109 children are older and someone has to pick them up from school. Or when a domestic worker or an ayah walks to the bus stop because it is the cheapest commute. Only actual need or urgency can justify a respectable woman’s presence under open air. But if the same woman has the privilege of money or man, some way to access a vehicle or a Careem, or some brother or husband to drive her around, then there is no reason for her to step outside at all.

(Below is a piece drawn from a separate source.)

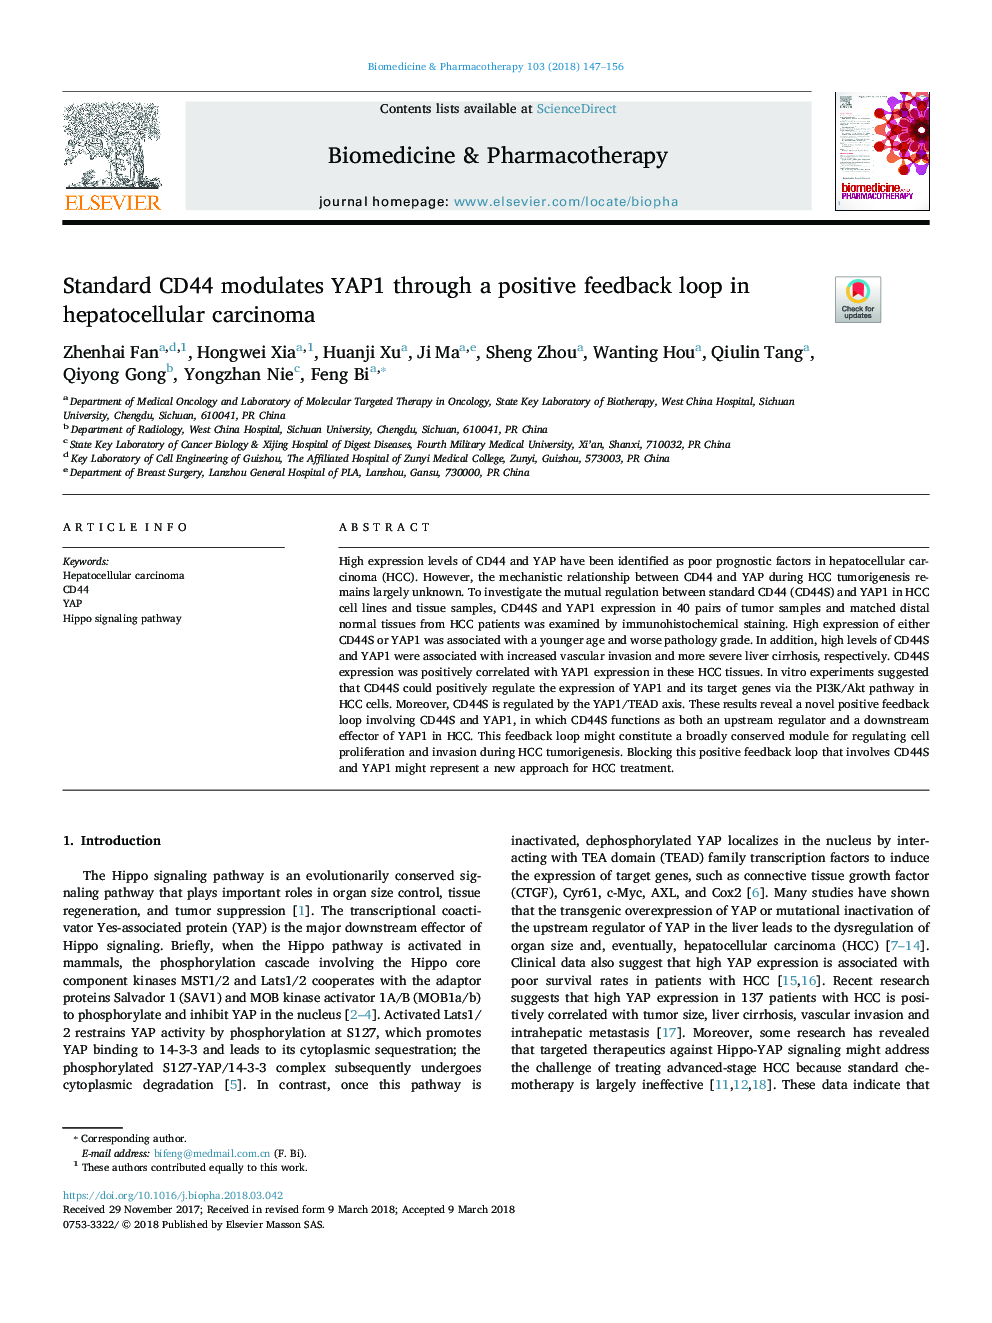 Standard CD44 modulates YAP1 through a positive feedback loop in hepatocellular carcinoma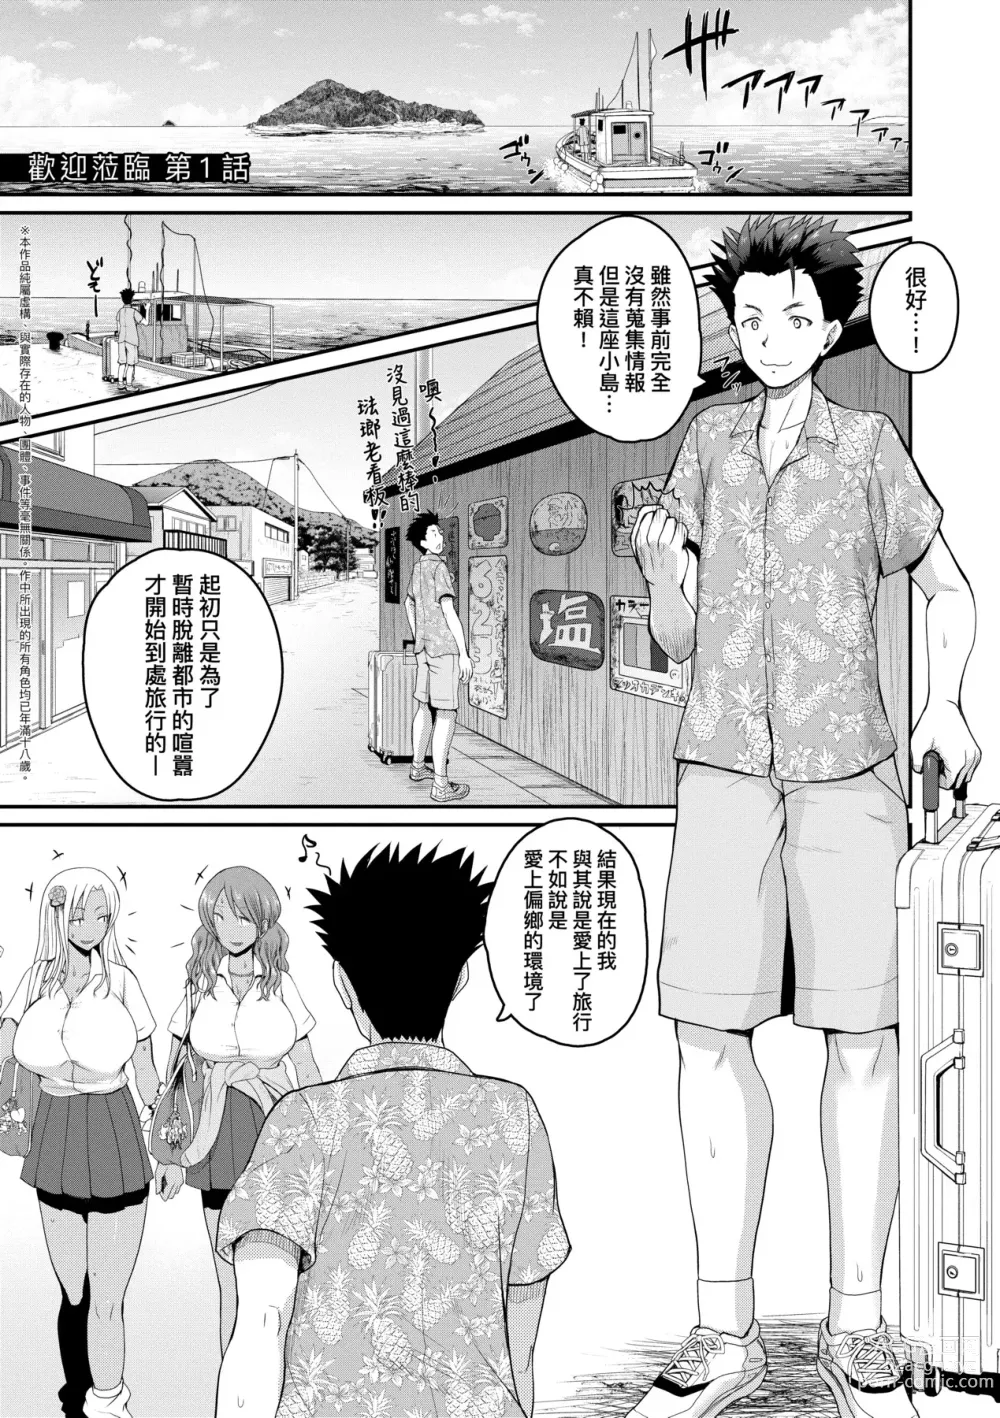 Page 10 of manga 歡迎蒞臨！SEX無限制之島到底是怎樣？ (decensored)

5) Girls at Dhabas Facebook Page, 23rd March 2016 : https://www.facebook.com/girlsatdhabas/posts/469176973291889 We are sitting at a dhaba – four women and camera crew. The reporter from one of the most globally viewed [read: western], mainstream British outlets looks me in the eye and asks, “So how safe do you feel at the moment? We were just surrounded by a group of little boys [because of the cameras], do you think the situation can ever turn on you?" I stare back blankly at the reporter. I feel exhausted. I know the answer she wants – the answer her viewership perhaps wants to *consume*—but the response in my head is not going to satisfy the subtle insinuations and assumptions neatly packed in the syntax of her question. I have already told her for a previous question that at most we get stares and have never had an overtly threatening encounter so far. “I don’t have an answer to that” but before she can turn the mic to someone else, I add— “you need to understand, us intentionally sitting outside is not radical. These are baby steps, but important steps for fuller participation in the public sphere” Safety is not the issue usually on my mind. Safety is not often even the issue at hand—no one is really bold enough to confront someone randomly, violently, in such a crowded, busy part of town. The disobedience or the “threat” that can actually amount to any (self-inflicted) damage—is from my parents, relatives and their social circles, and the construction of that threat is a loss of respectability. Not safety. In another question she asks “So what is it about the tradition or culture that results in the exclusion of women in public?” Me: “I am unsure to what extent it is the result of our own tradition/culture—but I often wonder to what extent the class dynamic that results in upper/middle-class women being shuttled from one private space to another is inherited from our colonial experience, when white women of the British Raaj were shuttled from one private space to another, to “protect” them from the local, “native” man?” I don’t know if I managed to get the weight of the nuances across in those few seconds/words. I doubt if they will even make it to the final edit of the interview. But I did lose sleep over her questions last night.